The colonists at the time of Revere's ride were British subjects, with American independence still in the future. But Revere's own writing and other historical accounts leave little doubt that secrecy was vital to his mission.
The Paul Revere House's website says that on April 18, 1775, Dr. Joseph Warren, a patriot leader in the Boston area, instructed Revere to ride to Lexington, Mass., to warn Samuel Adams and John Hancock that British troops were marching to arrest them.
In an undated letter posted by the Massachusetts Historical Society, Revere later wrote of the need to keep his activities secret and his suspicion that a member of his tight circle of planners had become a British informant.
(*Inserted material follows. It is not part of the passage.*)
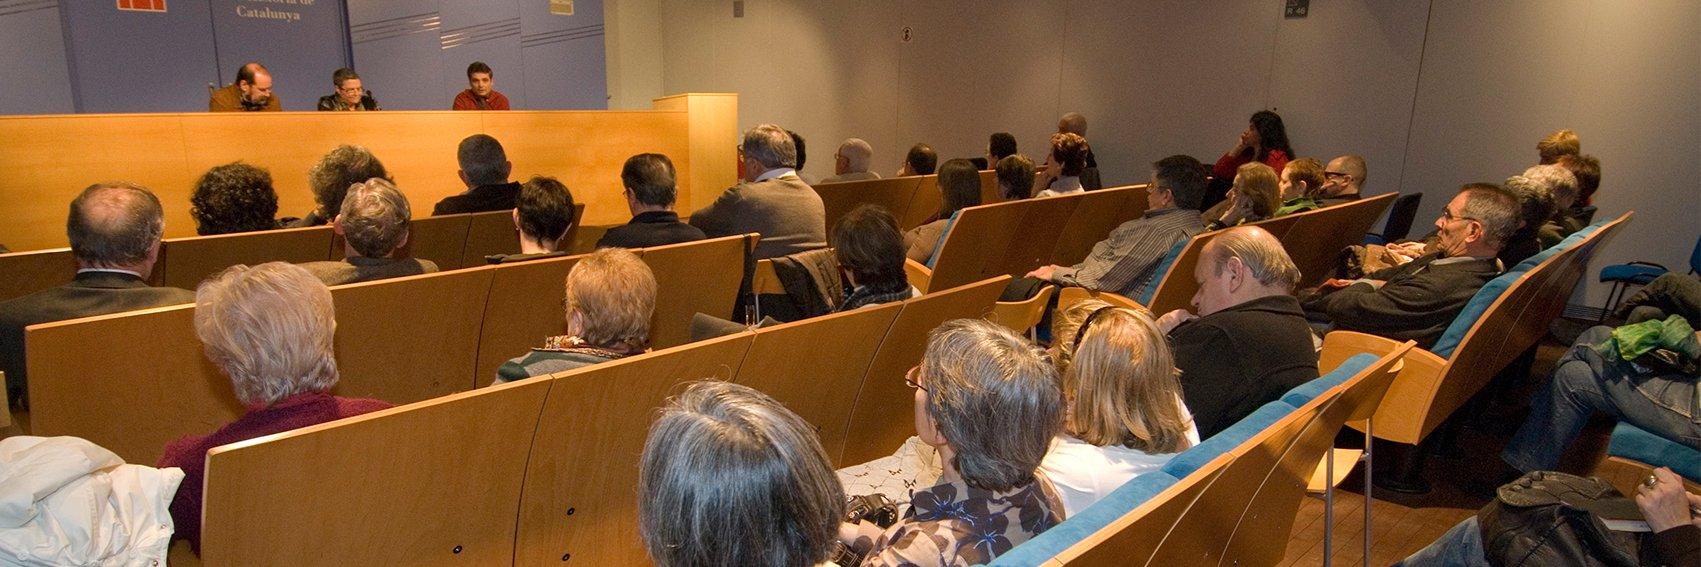 Seminari sobre Història de l'Art

According to the letter, believed to have been written around 1798, Revere did provide some details of the plan to the soldiers that night, but after he had notified other colonists and under questioning by the Redcoats.
Intercepted and surrounded by British soldiers on his way from Lexington to Concord, Revere revealed "there would be five hundred Americans there in a short time, for I had alarmed the country all the way up," he wrote.
Revere was probably bluffing the soldiers about the size of any advancing militia, since he had no way of knowing, according to Joel J. Miller, author of "The Revolutionary Paul Revere." And while he made bells, Revere would never have rung any on that famous night because the Redcoats were under orders to round up people just like him.
"He was riding off as quickly and as quietly as possible," Miller said. "Paul Revere did not want the Redcoats to know of his mission at all."
More downside for Palin: Nothing is private.
Looming in the week ahead is Alaska's release of 24,000 pages of emails sent and received by Palin during her time as governor. They will provide an inside look into her rise from obscurity to a spot on the national stage.
The emails cover a majority of her short term as governor and could provide the most insight into how she governed the nation's largest state. Her only other elected office was as a two-term mayor of her hometown of Wasilla, Alaska, which has a population of about 7,000.
The emails cover the first 21 months of Palin's tenure, ending in September 2008, after GOP presidential nominee John McCain selected her to be his running mate.
Palin resigned partway through her term, in July 2009.
"Every rock in the Palin household that could ever be kicked over and uncovered anything, it's already been kicked over," Palin said, noting that a lot of the emails are between staff and family members and were not meant for public consumption. The letters, she said, "won't distract me."